Scientists from The Scripps Research Institute have found that a particular type of genetic material plays a key role in determining vulnerability to cocaine addiction and may offer an entirely new direction for the development of anti-addiction therapies. In animal studies, the scientists found that a molecule called microRNA-212 was increased in the brains of test animals that had extended access to cocaine. MicroRNA-212 controlled how much cocaine the animals consumed.
The study was published on July 8, 2010, in an advance, online edition of the journal Nature.
"The key question that the study may answer is why one person is more vulnerable to the effects of cocaine than another," said team leader Paul Kenny, an associate professor in the Department of Molecular Therapeutics at Scripps Florida. "What we found is that a specific microRNA exerts enormous control over the response to the drug. When it is increased in the brain, it protects against addictive behavior, while a reduction raises vulnerability to addictive behaviors.
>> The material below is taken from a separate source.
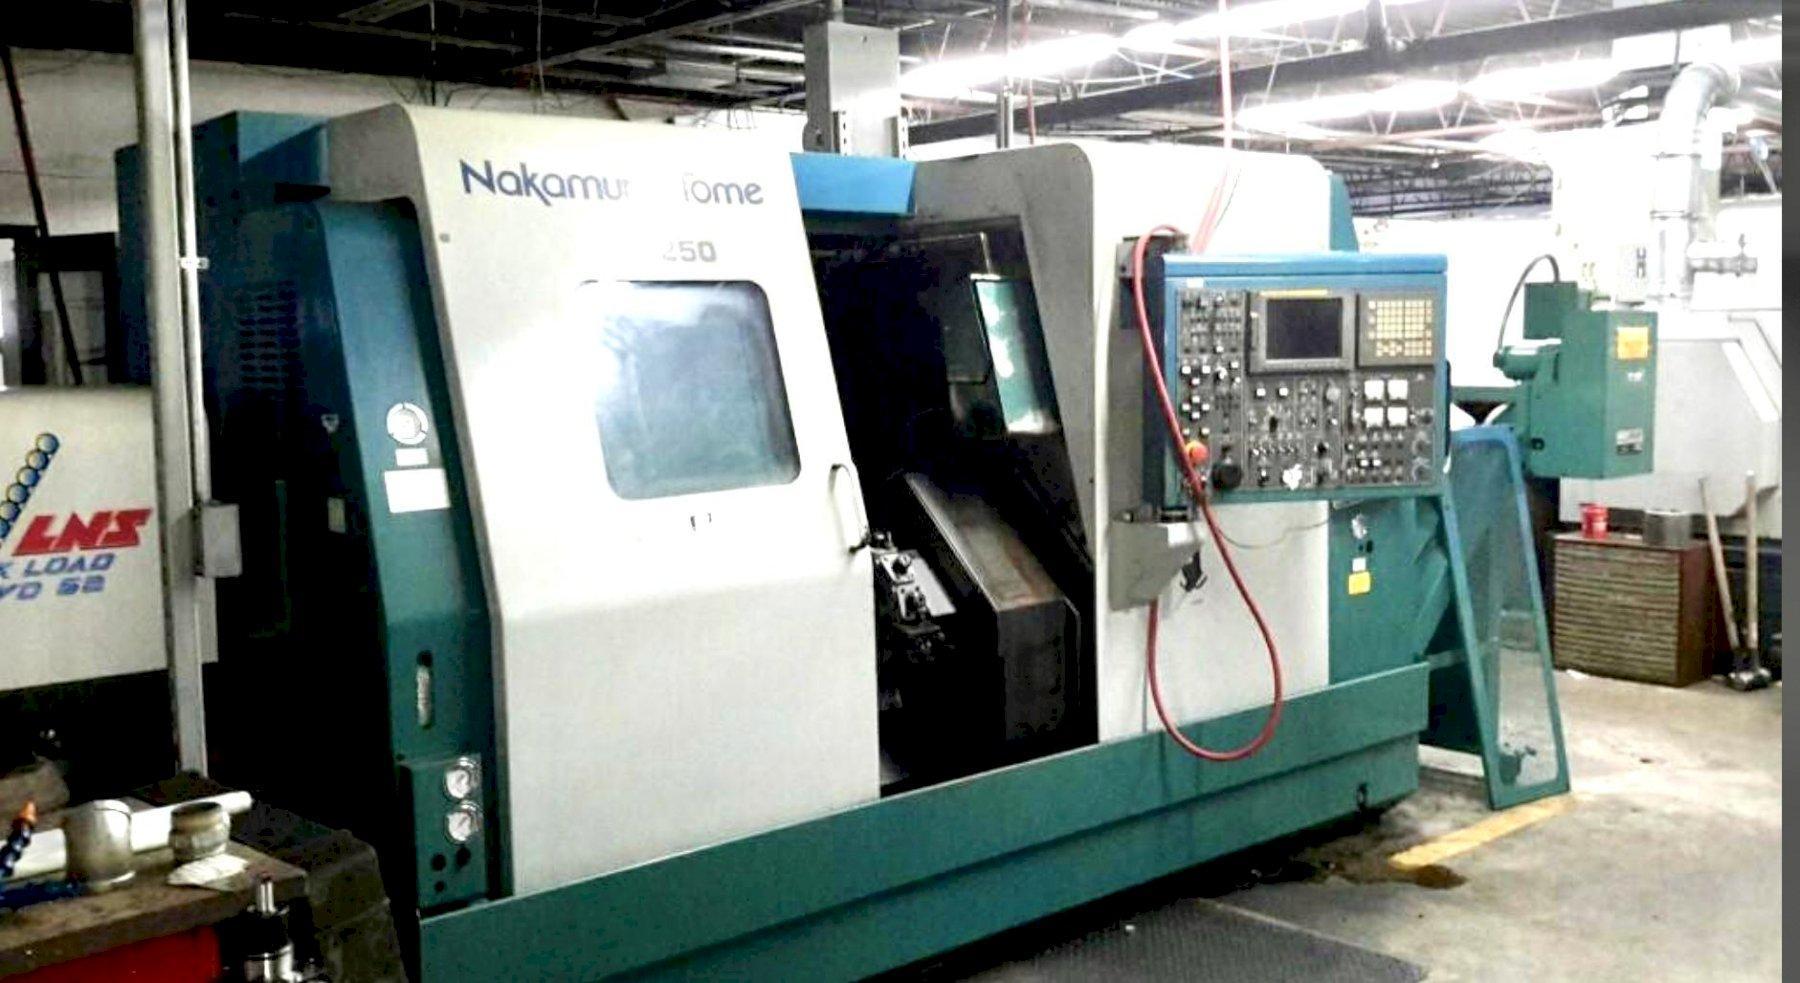 2000 NAKAMURA-TOME WT-250 - CNC Horizontal Lathe

The practical outcome of increased microRNA-212 expression is that it slams the brakes on any desire to take the drug."
MicroRNA-212 is a type of small non-protein coding RNA that can regulate the expression levels of hundreds or even thousands of genes. As such, microRNA-212 and other types of microRNAs are considered "master regulators" of gene expression. Because of their ability to coordinate the expression of related genes responsible for brain structure and function, it is thought that microRNAs might play important roles in complex psychiatric disorders, but little has been known about their involvement in addiction -- until now.
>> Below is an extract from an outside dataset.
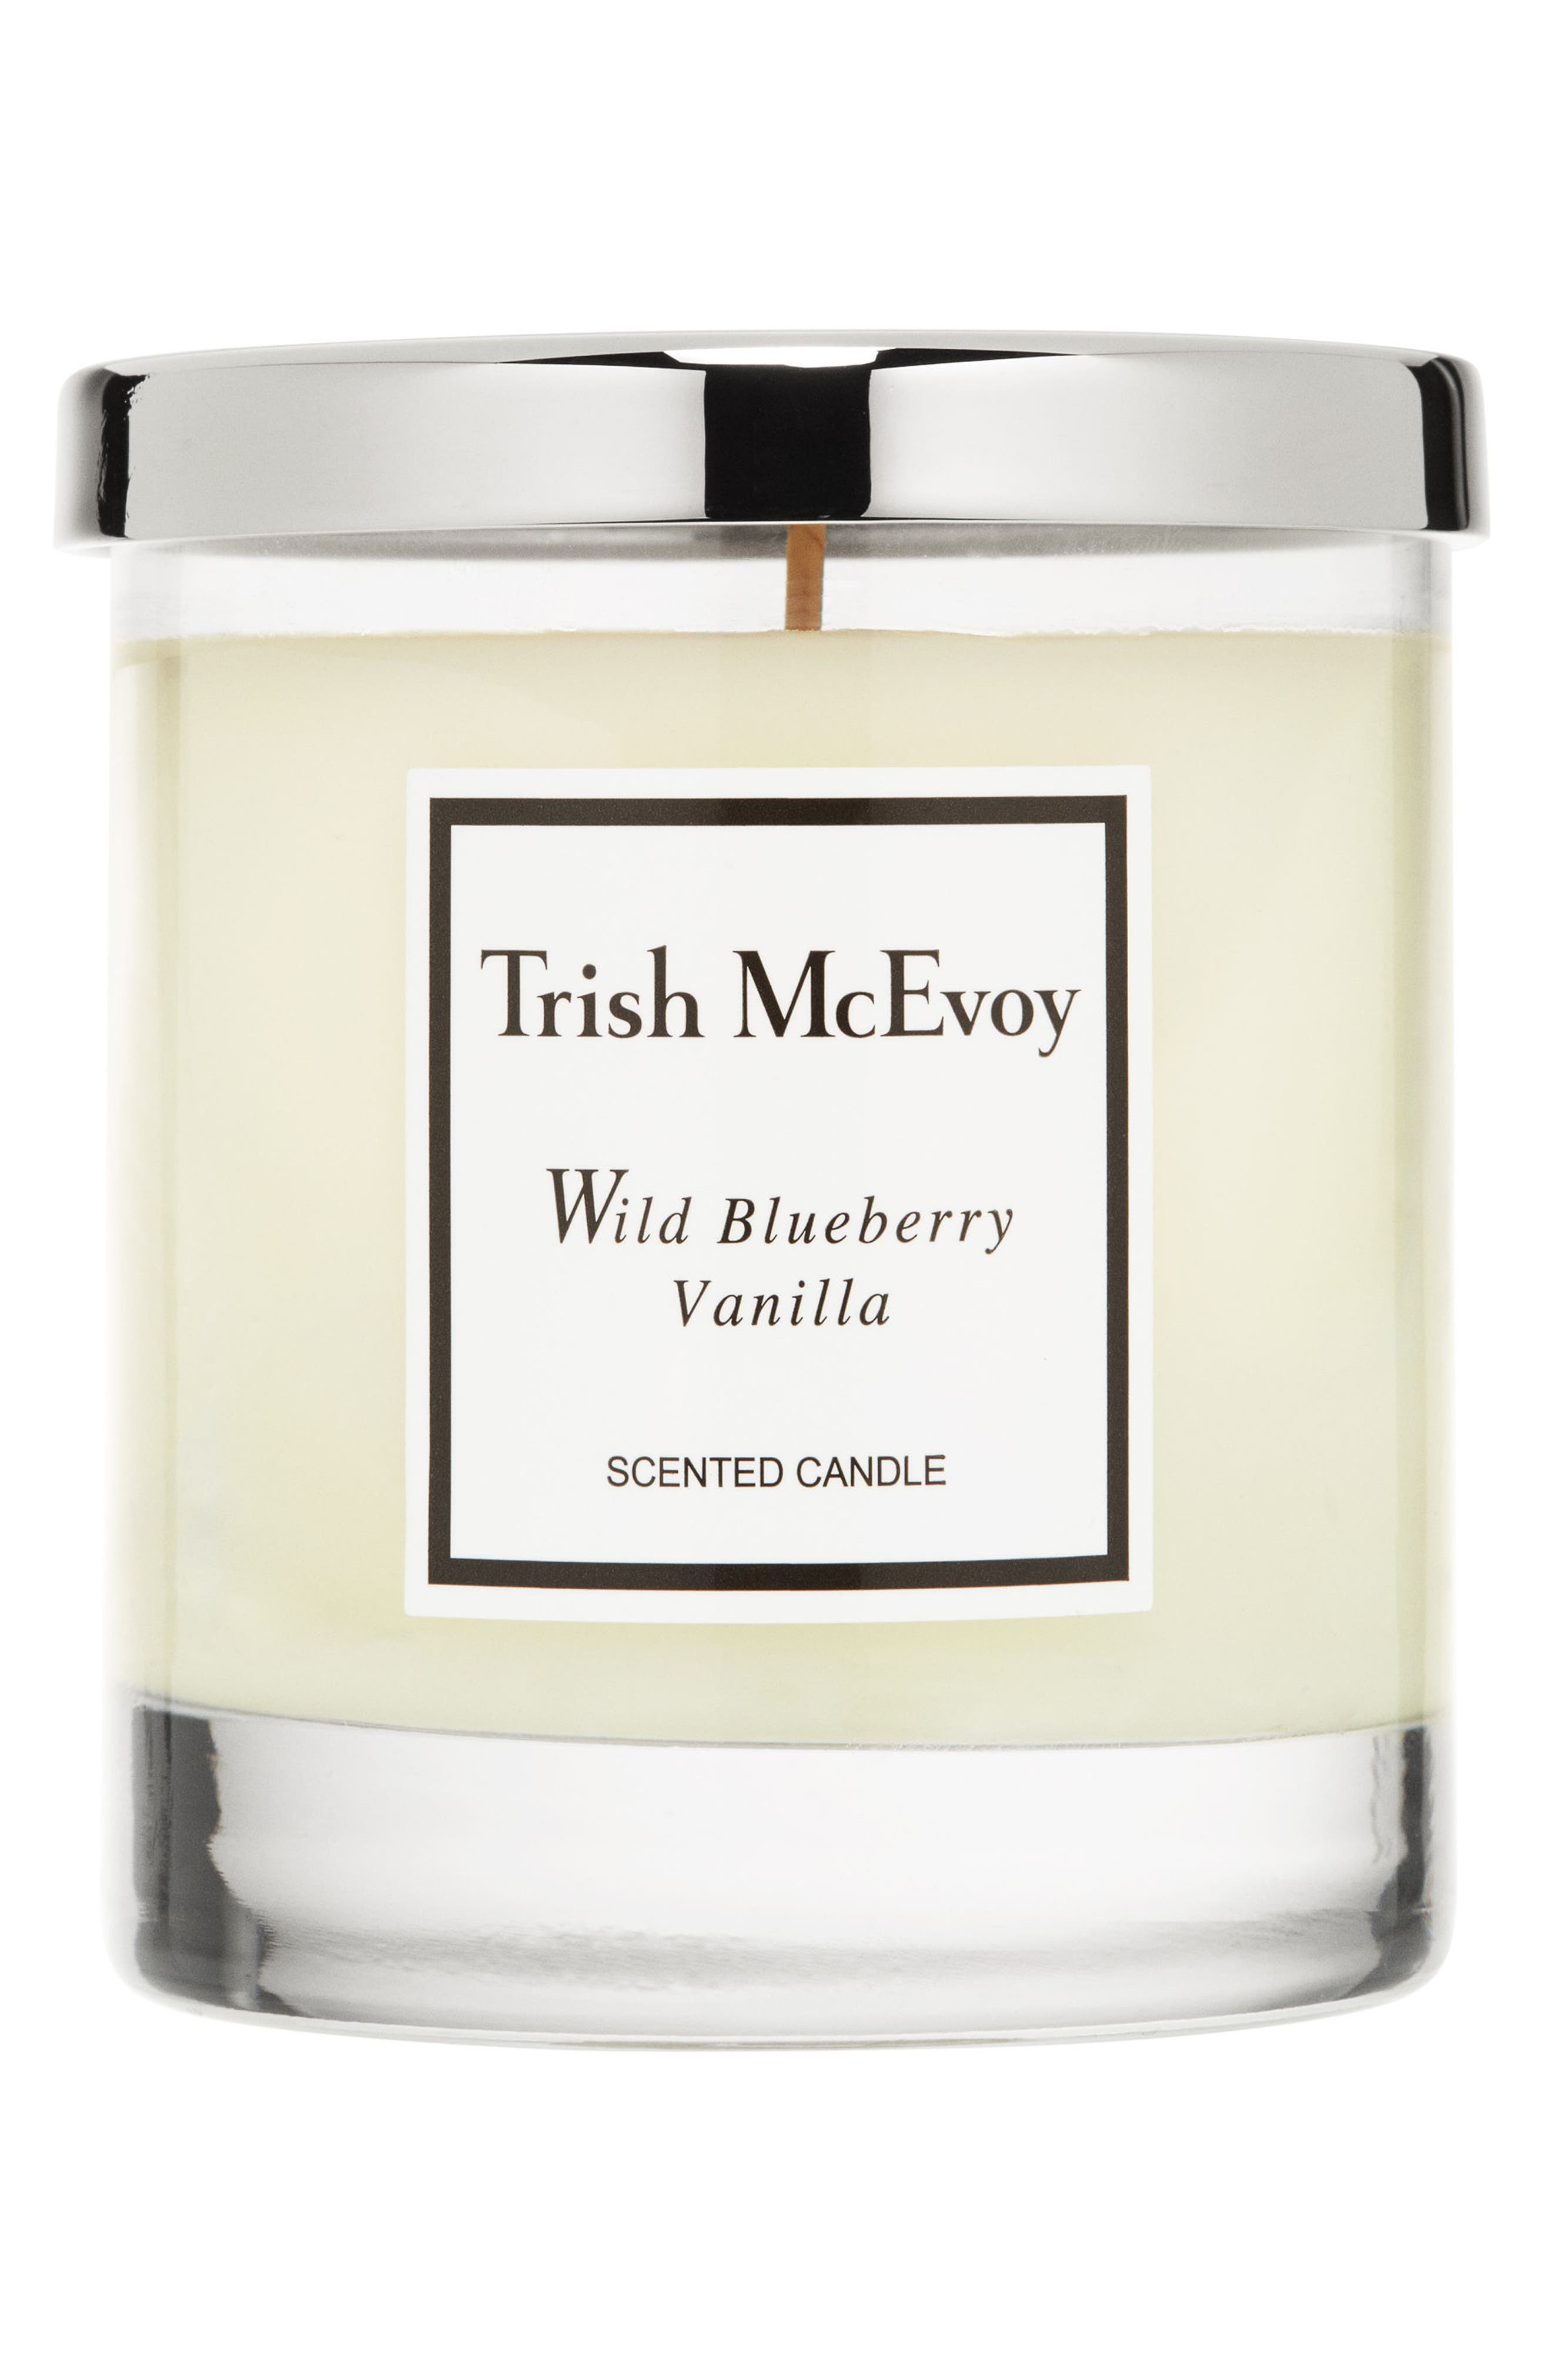 Trish McEvoy Wild Blueberry Vanilla Votive Candle

What the new findings suggest, Kenny said, is that individuals with serious addiction problems may have damaged supplies of this particular non-coding RNA, or the microRNA may not function properly.
"Looking into the future," he said, "It might be possible to develop a small molecule therapeutic that mimics or stimulates the production of this particular microRNA. Once we understand the precise mechanism, we might uncover novel targets that would have a similar effect to acting on the microRNA directly."
A Molecule that Puts the Brakes on Cocaine Consumption
According to the 2007 National Survey on Drug Use and Health by the Department of Health and Human Services, nearly 1.6 million Americans' behavior met the criteria for cocaine abuse.
Cocaine triggers a constellation of brain reward systems, and cocaine addiction is commonly viewed as a disorder of neuroplasticity -- the brain's ability to continually produce new neural connections in response to changes such as injury or disease. Long-lasting structural and functional modifications induced by cocaine are thought to increase sensitivity to the motivational effects of the drug, which in turn results in an eventual loss of control over intake.
In the study, the scientists set out to see how the brain changes in rats with extended or limited exposure to the drug using a model of compulsive drug-taking developed by Scripps Research scientist George Koob. The rats with extended access are those most likely to develop compulsive-like drug-seeking behaviors.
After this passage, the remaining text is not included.